On Tue, Nov 12, 2013 at 11:22:50AM -0800, Pravin Shelar wrote:
> On Tue, Nov 5, 2013 at 2:10 PM, Andrea Arcangeli <aarcange@xxxxxxxxxx> wrote:
> > Hi,
> >
> > this patch is an alternative implementation of the hugetlbfs directio
> > optimization discussed earlier. We've been looking into this with
> > Khalid last week and an earlier version of this patch (fully
> > equivalent as far as CPU overhead is concerned) was benchmarked by
> > Khalid and it didn't degrade performance compared to the PageHuge
> > check in current upstream code, so we should be good.
> >
> > The patch applies cleanly only after reverting
> > 7cb2ef56e6a8b7b368b2e883a0a47d02fed66911, it's much easier to review
> > it in this form as it avoids all the alignment changes.
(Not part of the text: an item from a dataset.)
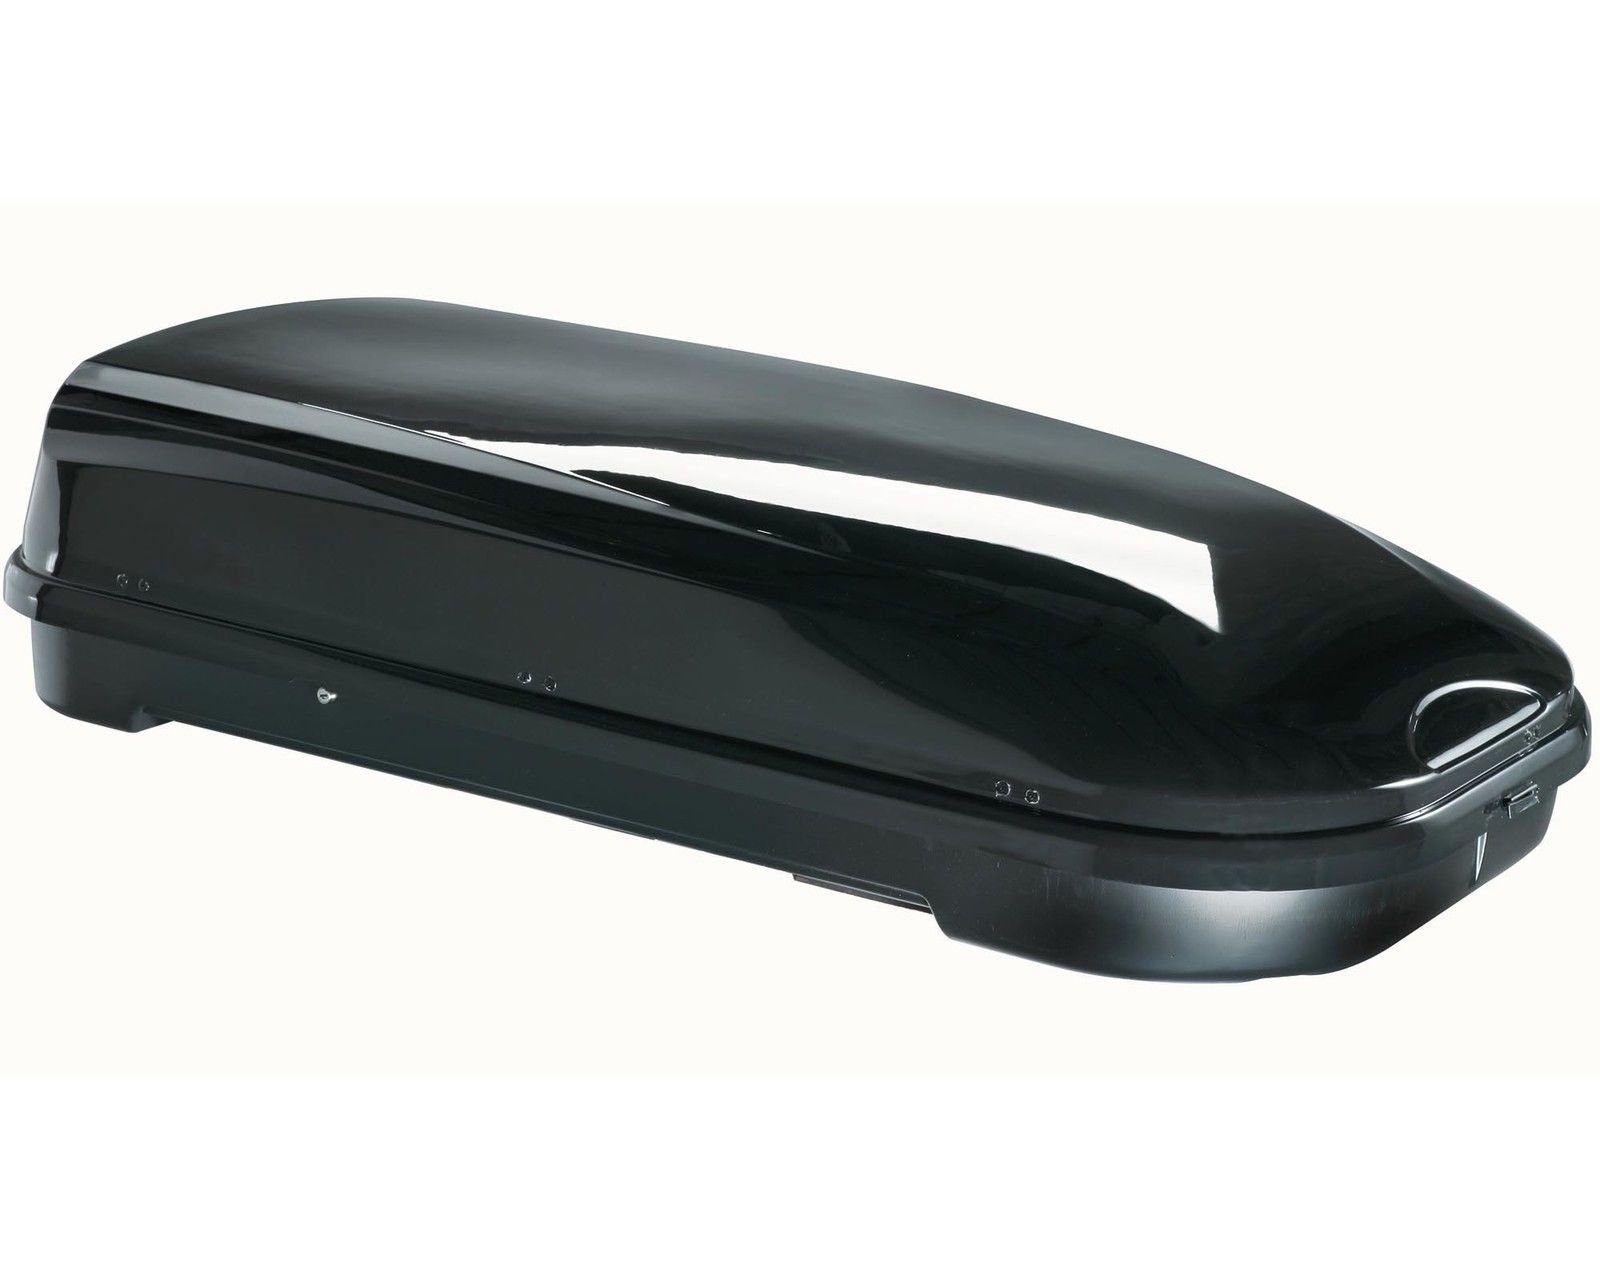 VDP Dachbox, (ALLES IN EINEM - Sparen Sie sich die Auswahl mehrerer Komponenten für Ihre perfekte Transportlösung - Mit dem Set aus Dachbox und Dachträger erhalten Sie ein leicht zu montierendes Komplettpaket mit allen Befestigungsteilen. Die glänzend-schwarze Box überzeugt mit ihrem edlen Design und viel Platz), Dachbox VDP-FL580 Relingträger Alu kompatibel mit BMW X5 E53 99-06 abschließbar

I'll resend to
> > Andrew against current upstream by squashing it with the revert after
> > reviews.
> >
> > I wished to remove the _mapcount tailpage refcounting for slab and
> > hugetlbfs tails too, but if the last put_page of a slab tail happens
> > after the slab page isn't a slab page anymore (but still compound as
> > it wasn't freed yet because of the tail pin), a VM_BUG_ON would
> > trigger during the last (unpinning) put_page(slab_tail) with the
> > mapcount underflow:
> >
> >                         VM_BUG_ON(page_mapcount(page) <= 0);
> >
> > Not even sure if any driver is doing anything like that, but the
> > current code would allow it, Pravin should know more about when
> > exactly in which conditions the last put_page is done on slab tail
> > pages.
> >
> Yes, This can happen when slab object is directly passed for IO and it
> is done in few filesystems (ocfs, xfs) when I checked last time.

About the slab case however, it cannot be that the tail pin obtained
with get_page(tail_page), is the last reference on the compound
page when it gets released through put_page.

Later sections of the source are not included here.